# Parking/emergancy brake



## au201 (May 18, 2013)

They're adjusted pretty badly. It takes a lot of force in these to lock the rear wheel. But she should've noticed the annoying dinging once she started moving?


Sent from AutoGuide.com Free App


----------



## LiveTrash (May 24, 2015)

I've never been in a car where it locks the rear wheels when you try to drive away, but I've left it up by accident a few times when I first started using it in my new Cruze but immediately noticed it and took it off. Not only does it cause significant drag and doesn't start to roll when you let off the brake pedal, but the car beeps at you and has a warning light. How could she have possibly missed this?


----------



## chevrasaki (May 1, 2015)

Haha, I have forgotten to put the e-brake back down too.
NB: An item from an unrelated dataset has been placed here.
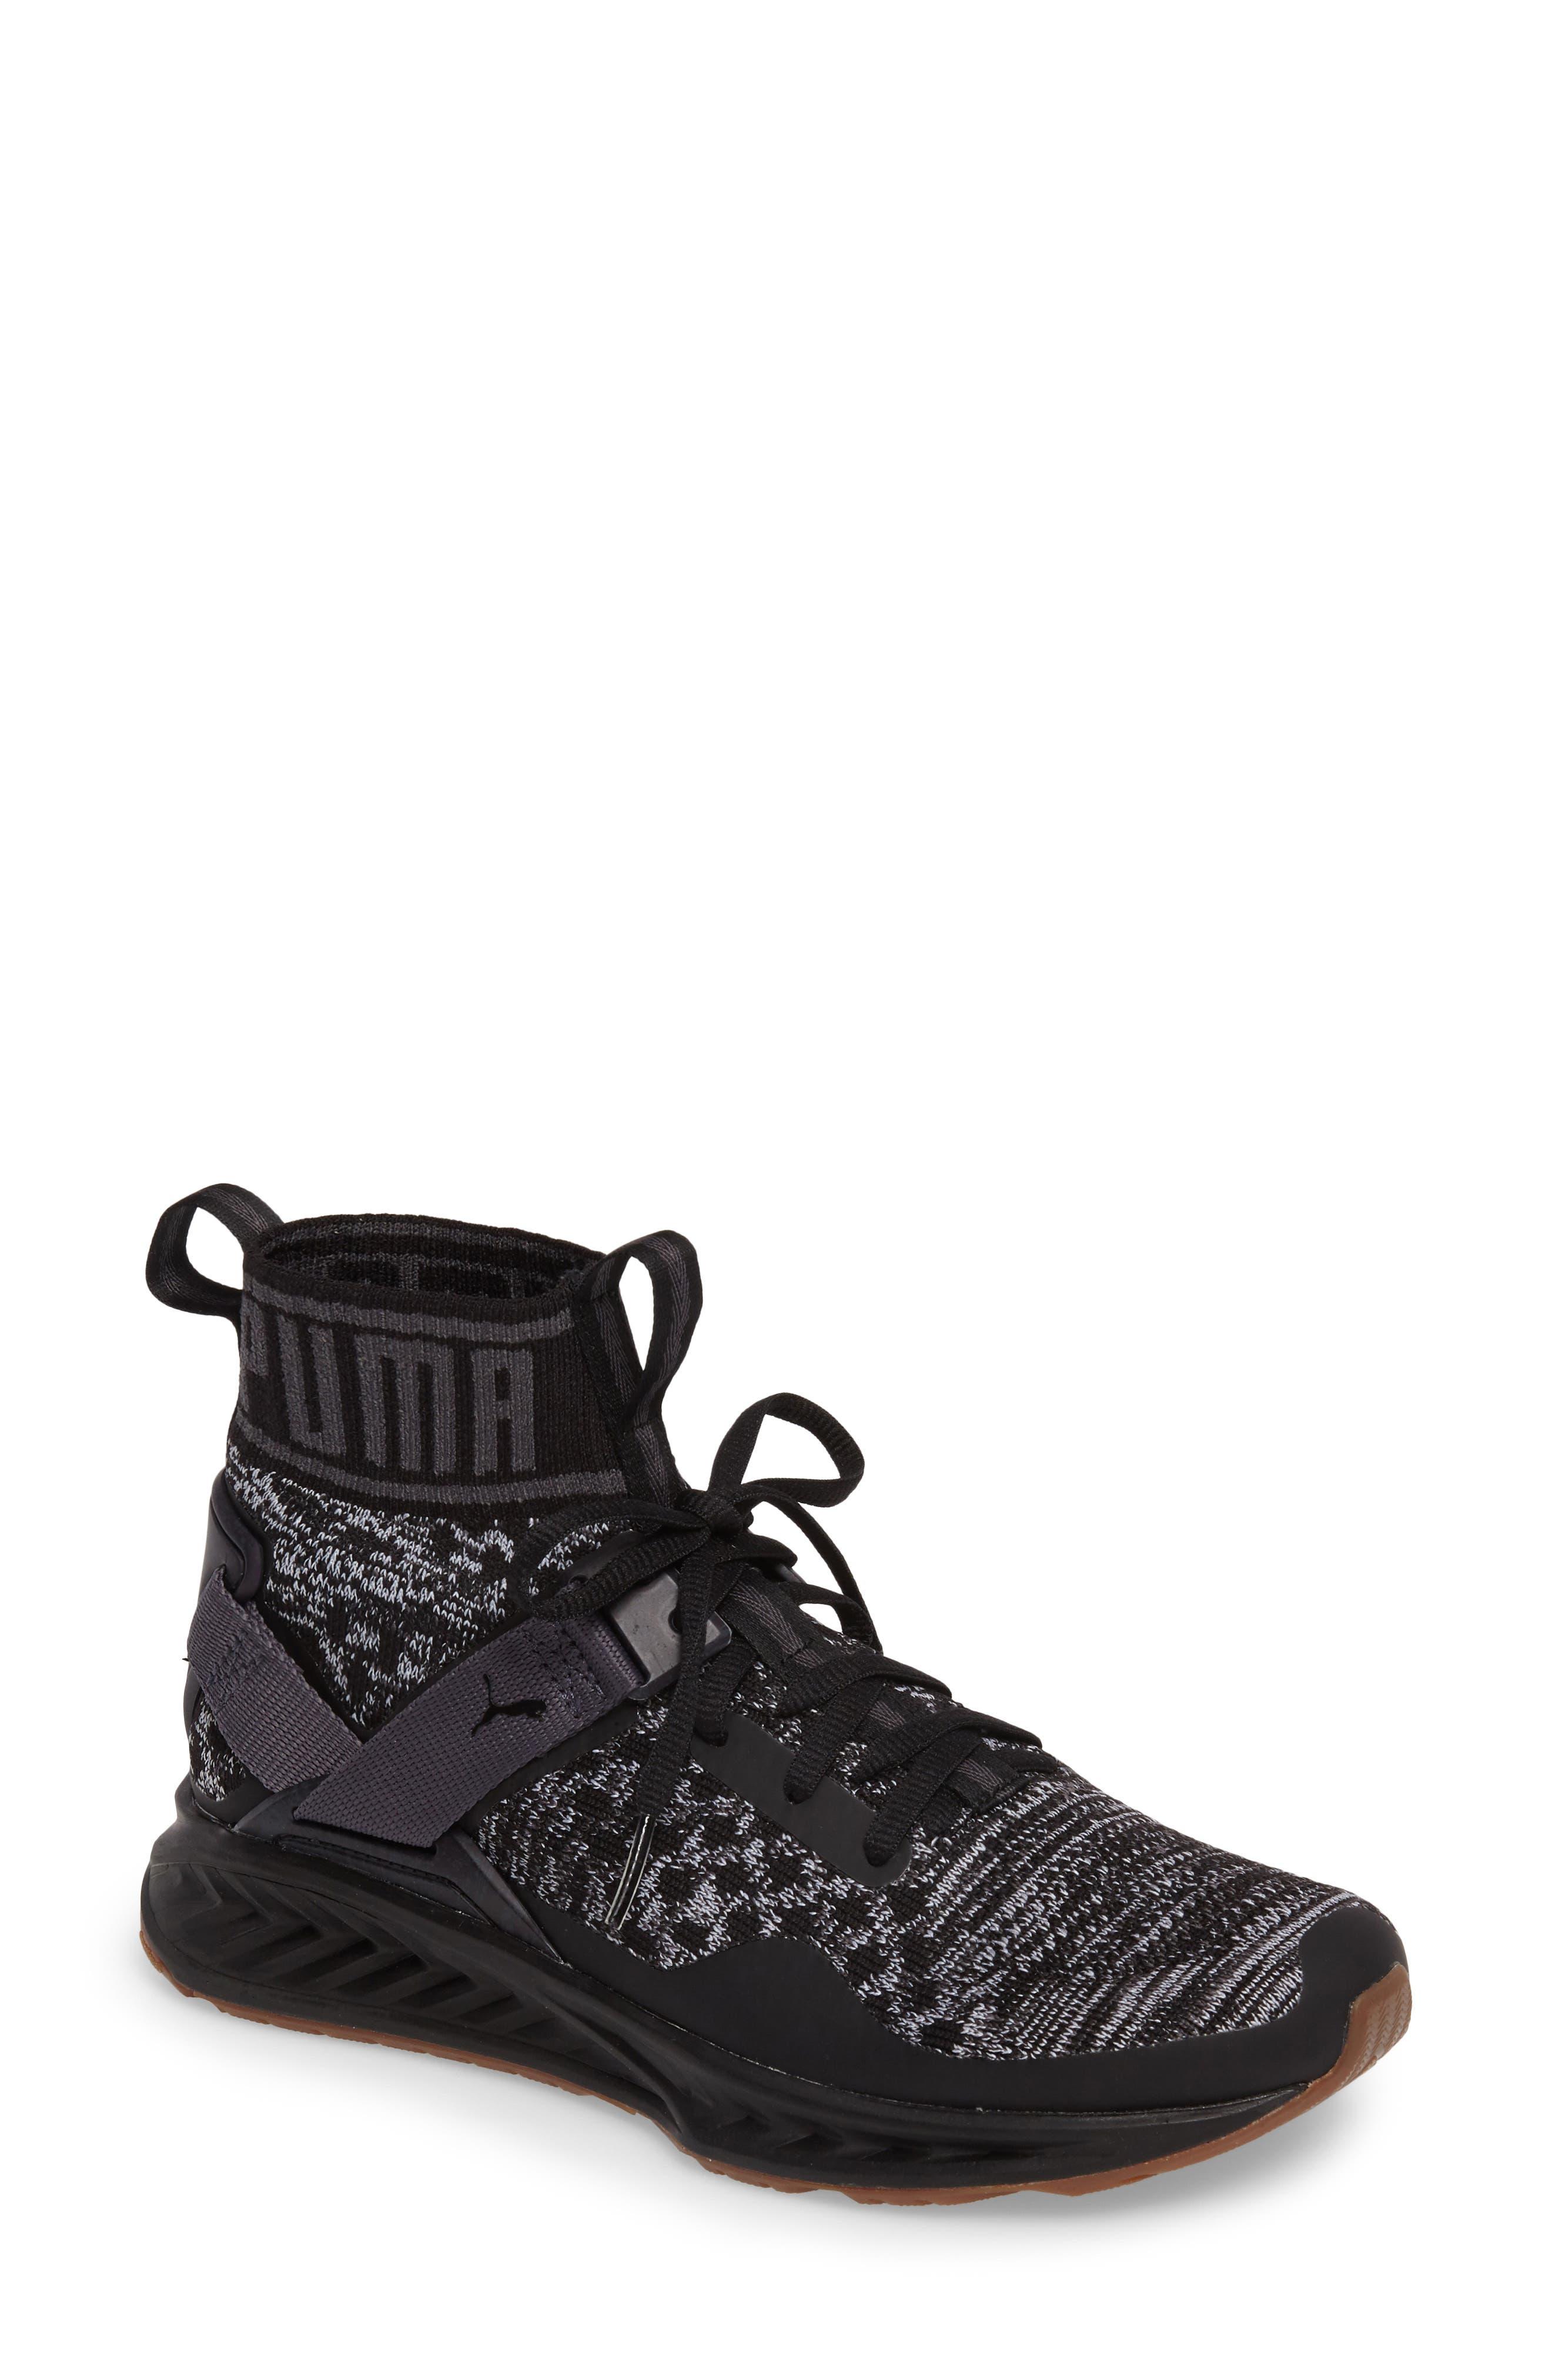 puma running shoes for women. main image - puma ignite evoknit running shoe (women) puma shoes for women

But like everyone else, well MOST everyone, I noticed immediately, due to the drag and bonging information center.


----------



## 203-CRUZER (Dec 27, 2015)

Mine doesn't move at all, when the ebrake is applied. My girl's Kia on the other hand.....


----------



## pandrad61 (Jul 8, 2015)

She noticed and around the corner for us is like 25 feet so then she said "hmmm whys the car not driving well?" she looked and put it down.


----------



## grs1961 (Oct 23, 2012)

Mine doesn't want to move with the parking brake on.


----------